Before heading to Washington, Netanyahu said in a statement that "the viability of a Palestinian state cannot come at the expense of Israel's existence."
Obama's insistence on the borders issue -- plus his criticism of continued Israeli "settlement activity" -- sends a message to Netanyahu that Washington expects the Jewish state to make concessions.
Obama and Netanyahu have had a strained relationship, and prospects for their talks to yield any significant progress on peace moves have been viewed as dim.
Still, Obama reaffirmed an unshakable U.S. commitment to Israel's security and condemned what he called "symbolic actions to isolate Israel at the United Nations," referring to the Palestinians' plan to seek General Assembly recognition for statehood in September.
And he acknowledged that a new reconciliation deal between the Palestinian Authority and the Islamist group Hamas raised "legitimate questions" for Israel, which has condemned the accord as blocking any new peace talks.
Putting pressure on Netanyahu, who will address the pro-Israel lobby AIPAC on Monday and a joint session of Congress on Tuesday at the invitation of his Republican supporters, could be politically risky for the Democratic president as he seeks re-election in 2012.
"President Obama has thrown Israel under the bus," said likely Republican candidate Mitt Romney. "He has disrespected Israel and undermined its ability to negotiate peace."

Historic Opportunities

Palestinian President Mahmoud Abbas welcomed Obama's efforts to renew talks with Israel that collapsed last year in a dispute over Israeli settlement building.
Robert Danin, a Middle East analyst at the Council on Foreign Relations, said that for the first time the United States has "embraced the Palestinian position on borders."
Obama also hailed popular unrest sweeping the Middle East as a "historic opportunity" and said promoting reform was his administration's top priority for a region caught up in unprecedented upheaval. "The people have risen up to demand their basic human rights," he said. "Two leaders have stepped aside. More may follow."
And he ratcheted up pressure on Syrian leader Bashar al-Assad, saying for the first time that he must stop a brutal crackdown or "get out of the way," and prodded U.S. allies Yemen and Bahrainas well for democratic transformation.
While throwing his weight behind the push for reform, Obama did not abandon his approach of balancing support for democratic aspirations with a desire to preserve long-time partnerships seen as crucial to fighting al Qaeda, containing Iran and securing vital oil supplies.

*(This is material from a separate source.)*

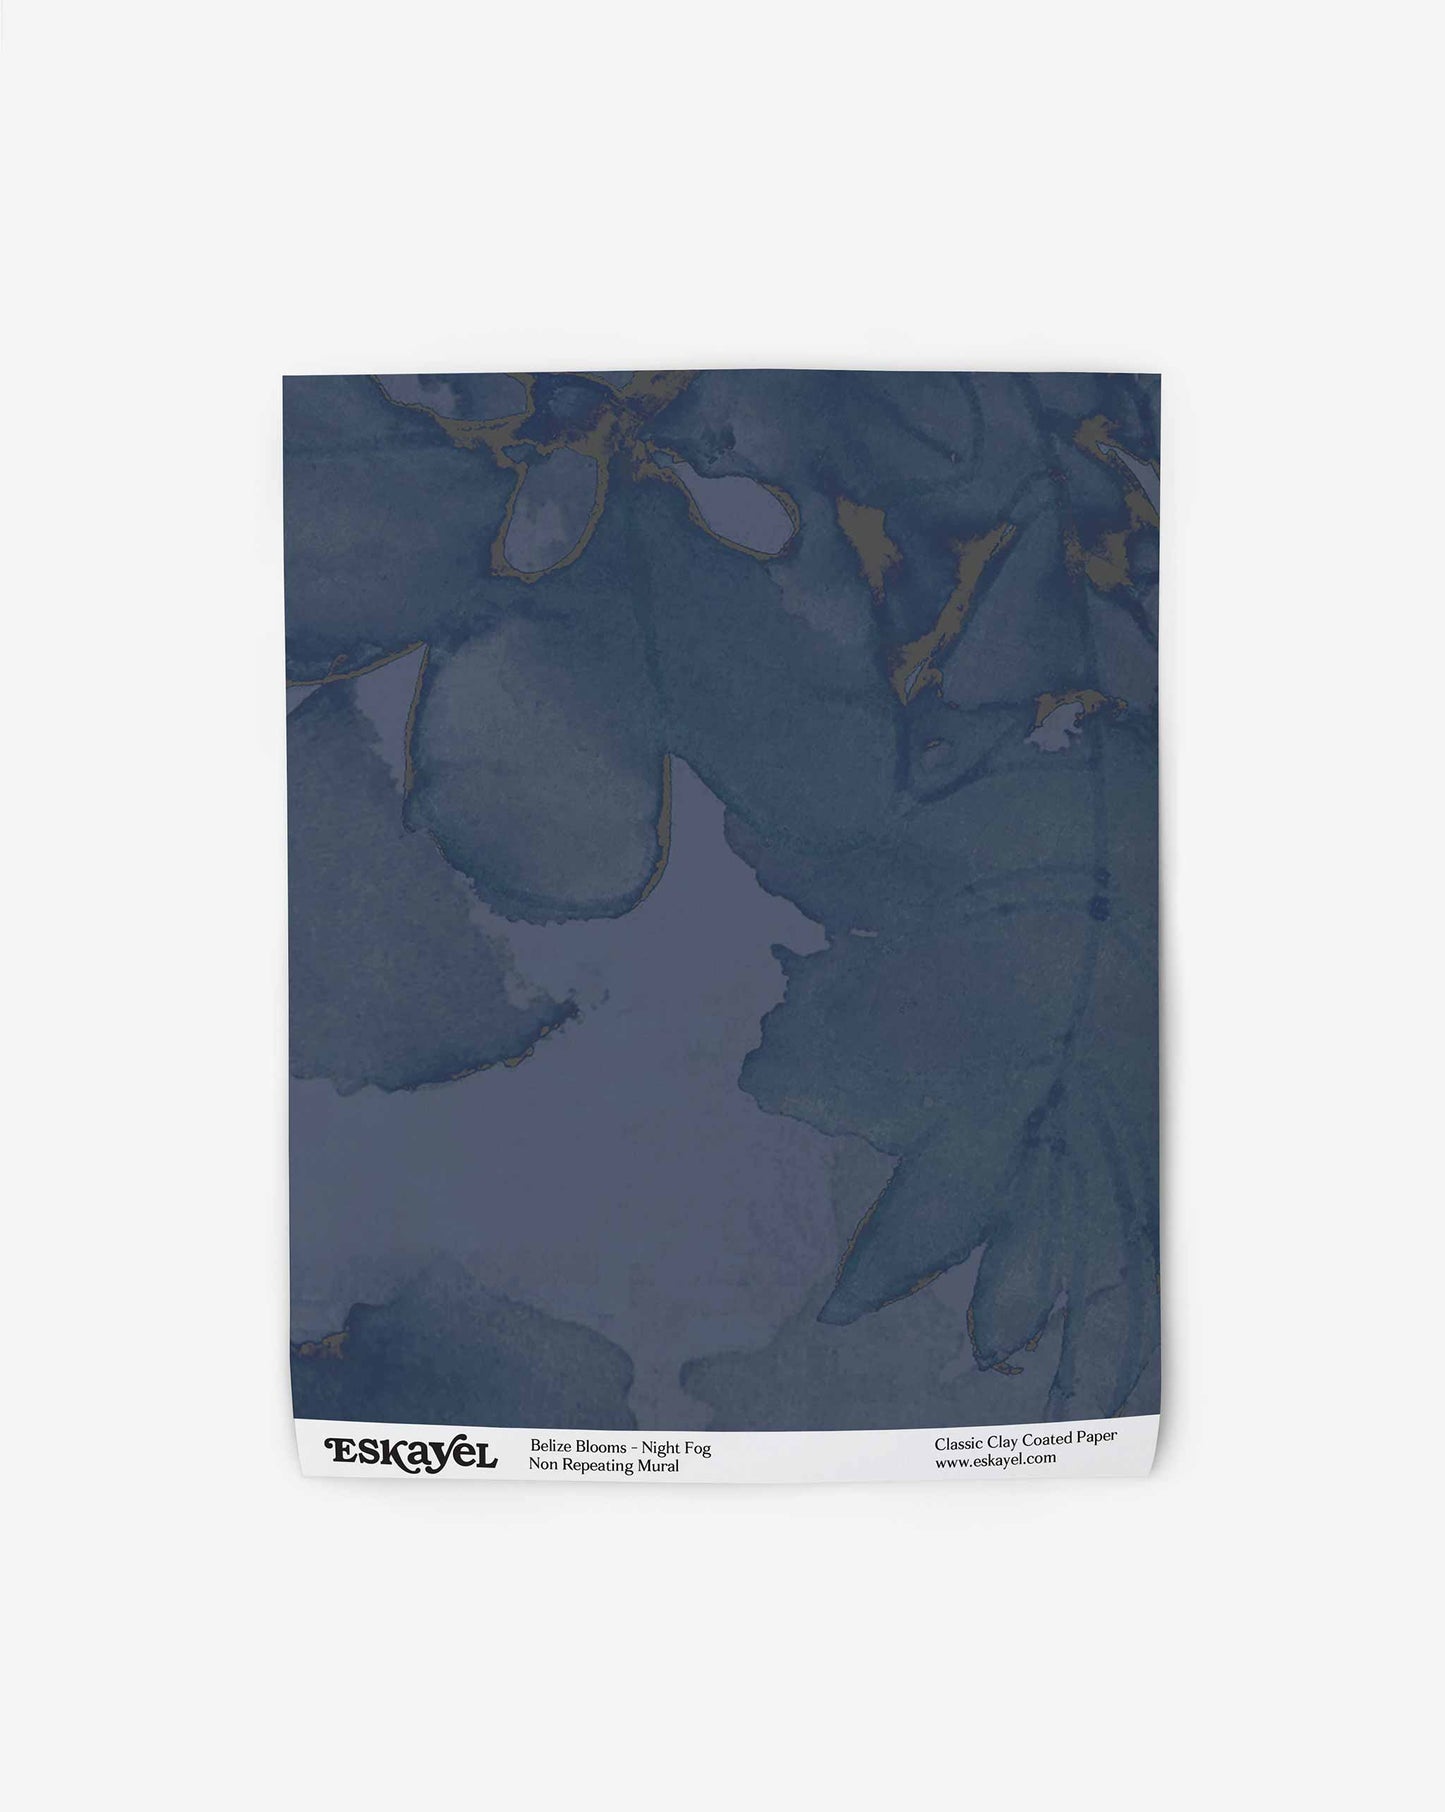 A sample of Belize Blooms Wallpaper Mural||Night Fog featuring a classic blue-gray colored pattern with subtle floral outlines, displayed on a plain background with the brand’s logo at the bottom.

Struggling to regain the initiative in a week of intense Middle East diplomacy, Obama seized an opportunity to reach out to the Arab world following the death of Osama bin Laden at the hands of U.S. Navy SEAL commandos.
He announced billions of dollars in aid for Egypt and Tunisia to support and encourage their political transitions after revolts toppled autocratic leaders.
Obama has scrambled to keep pace with still-unfolding events that have ousted long-time leaders in Egypt and Tunisia, threatened those in Yemen and Bahrain and engulfed Libya in civil war where the United States and other powers have unleashed a bombing campaign.